Schools like Waterloo and UBC, already considered prestigious, are joining an elite club of universities that are inaccessible to all but the highest achieving students. With an average entering grade of 88.9 per cent, Queen’s University rarely admits students with less than an A average. At McGill, the median average entrance grade for Canadian students is 92 per cent.

Even schools not normally recognized as overly selective shut their doors to all but a handful of students with a B or B+ average. For example, at the University of Saskatchewan, approximately 68 per cent of incoming students in 2009 had at least an 80 average, with more than a quarter holding marks of 90 or higher.

Other universities have made a more conscious effort to increase their coterie of A students. In a bid to shed its “Last Chance U” moniker, Carleton University began steadily increasing entrance requirements in the mid 1990s. In 1993, the average entering grade was about 72 per cent. In 2009, it was nearly 82 per cent.

That many, if not most, of today’s students will take a substantial hit to their grade point averages is in one respect an entirely logical conclusion. Students are graded on their performance in and of itself, but also in relation to their peers. Having a larger pool of stronger students means that they will be competing more often with others like themselves, and less so against students who are not as academically inclined.

However, there is also the problem of grade inflation at the high school level that suggests it is not just the fact that the bell curve shifts, but that students have been given an inaccurate assessment of their performance. As one measure, more than 60 per cent of Ontario high school students graduate as Ontario Scholars—students with at least an 80 per cent average. That figure has been steadily increasing for decades. In the early 1980s, Ontario Scholars accounted for 40 per cent of graduates.

Some universities, like Waterloo, address grade inflation by adjusting their admission standards to account for the high school where a student graduated, in recognition that an A from one school is not equivalent to an A at another school. At UBC, entering students are asked to submit a personal profile along with their application to help distinguish between students. “I think there is more compression at the high end in high school than there is in university,” Arida says.

The convergence of high school marks at the high end of the grading scale has been blamed, in part, on pressure from university-bound students hoping to get an edge on the competition. But, slack grading is hardly a favour with long-term benefits. “If you had a better, more accurate, signal from those high school grades, you’d get better decision making,” Martinello says.

At universities that have a long-standing reputation for being particularly selective, however, students may be better prepared to deal with the inevitable challenge of lower grades.

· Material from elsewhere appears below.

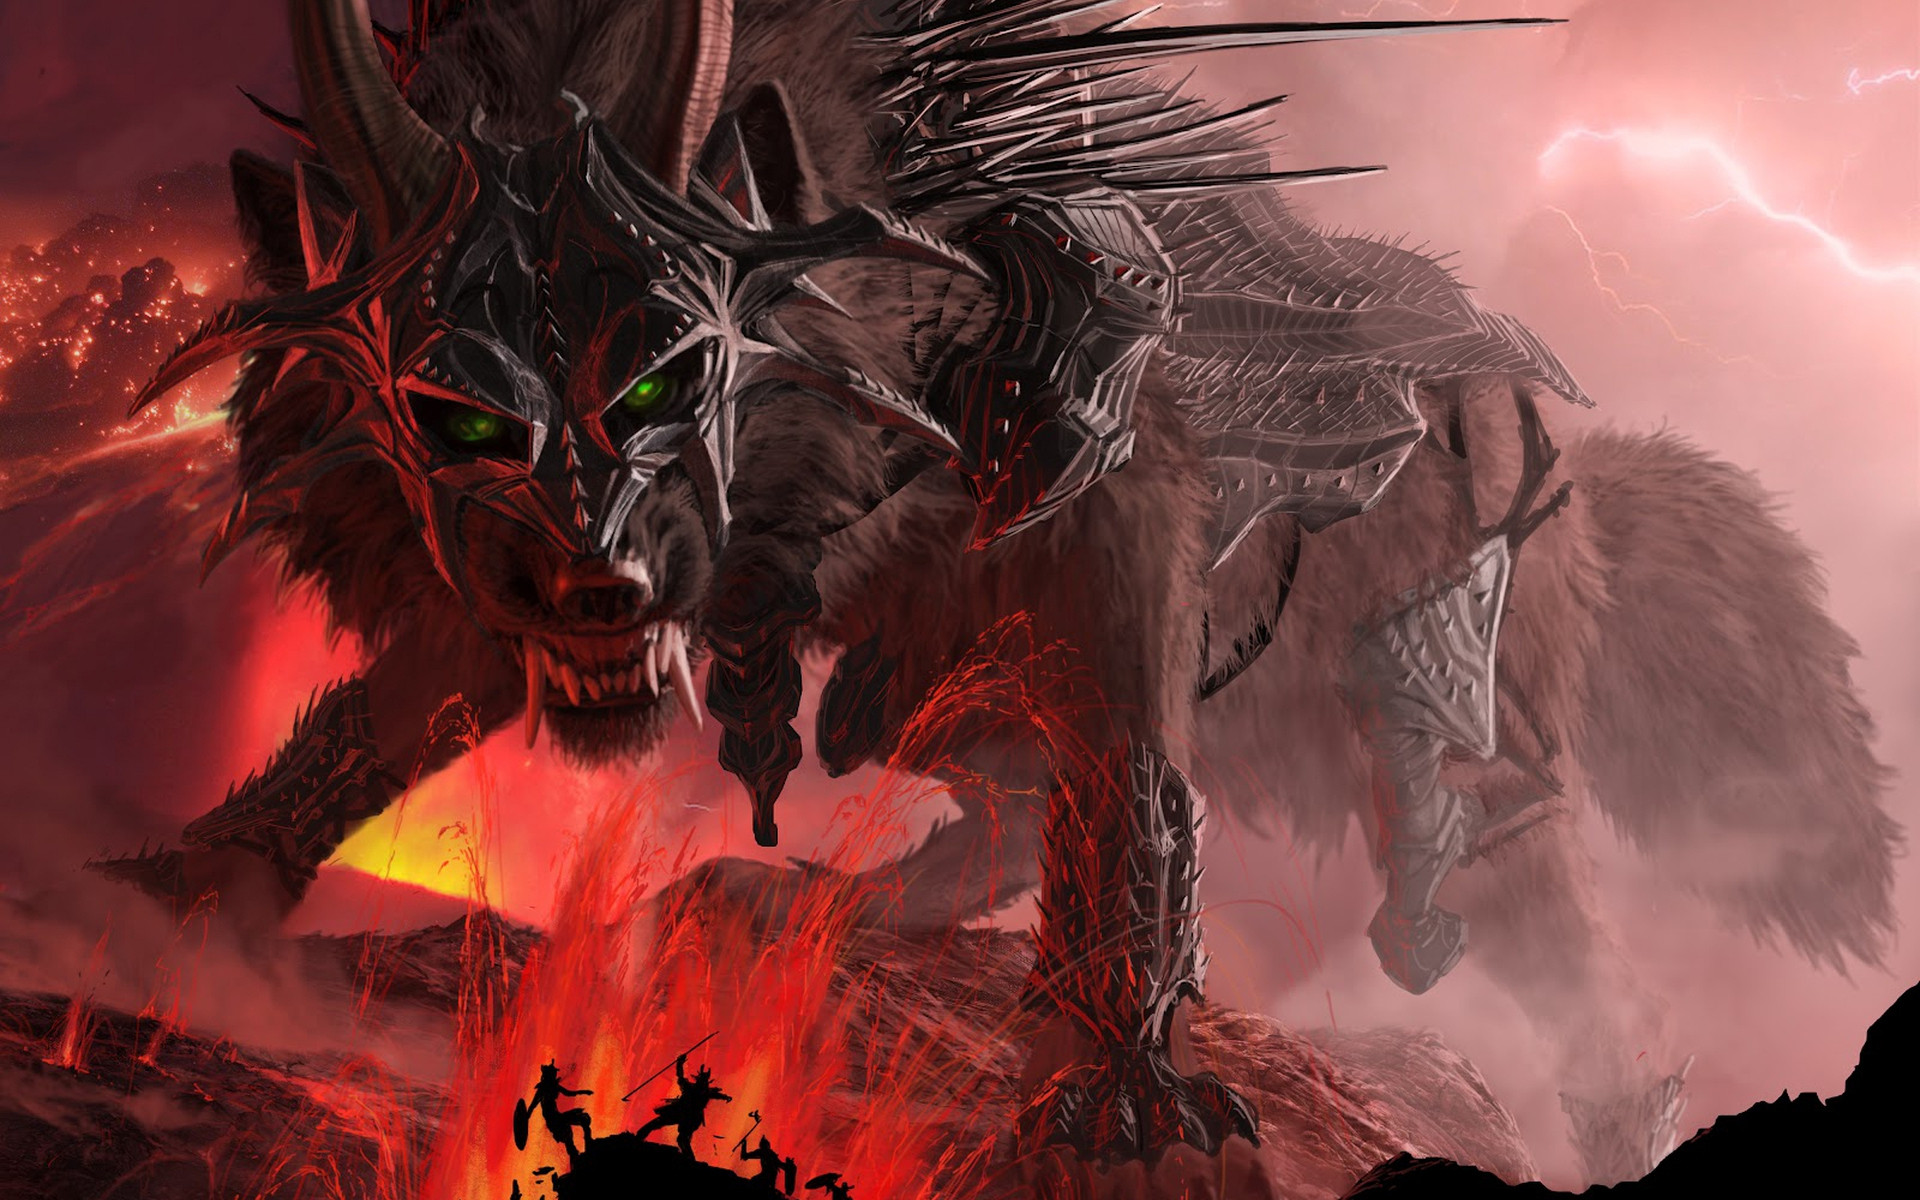 Wolf Jaws Teeth Horns Armor Mountains Lava Lightning Wallpaper At Dark  Wallpapers

At Queen’s, 95 per cent of students continue into second year, and 90 per cent graduate, among the highest rates in the country. “I think it would be fair to say that students expect the courses to be more challenging at university and that the same effort will not yield the same results as it did in high school,” Queen’s associate registrar Stuart Pinchin stated via email.

Other students are not so prepared.“The skill that [students] are lacking is the ability to adjust, that they’ve never failed a course before and they’ve never had a low grade before,” Martinello says. “They just don’t know how to cope with it.”

Even so, Arida says students should recognize that they are not doing as poorly as they might think. “A student who gets 90s in high school, who gets high 70s and low 80s in university, is doing quite well.”

As for Penner, he was determined to not let his poor performance in first year threaten his plans. He repeated, and passed, first-year calculus, allowing him to continue in bio-systems engineering. He has improved his study habits by more consciously learning to take advice. He has some advice of his own. “Listen to your profs.”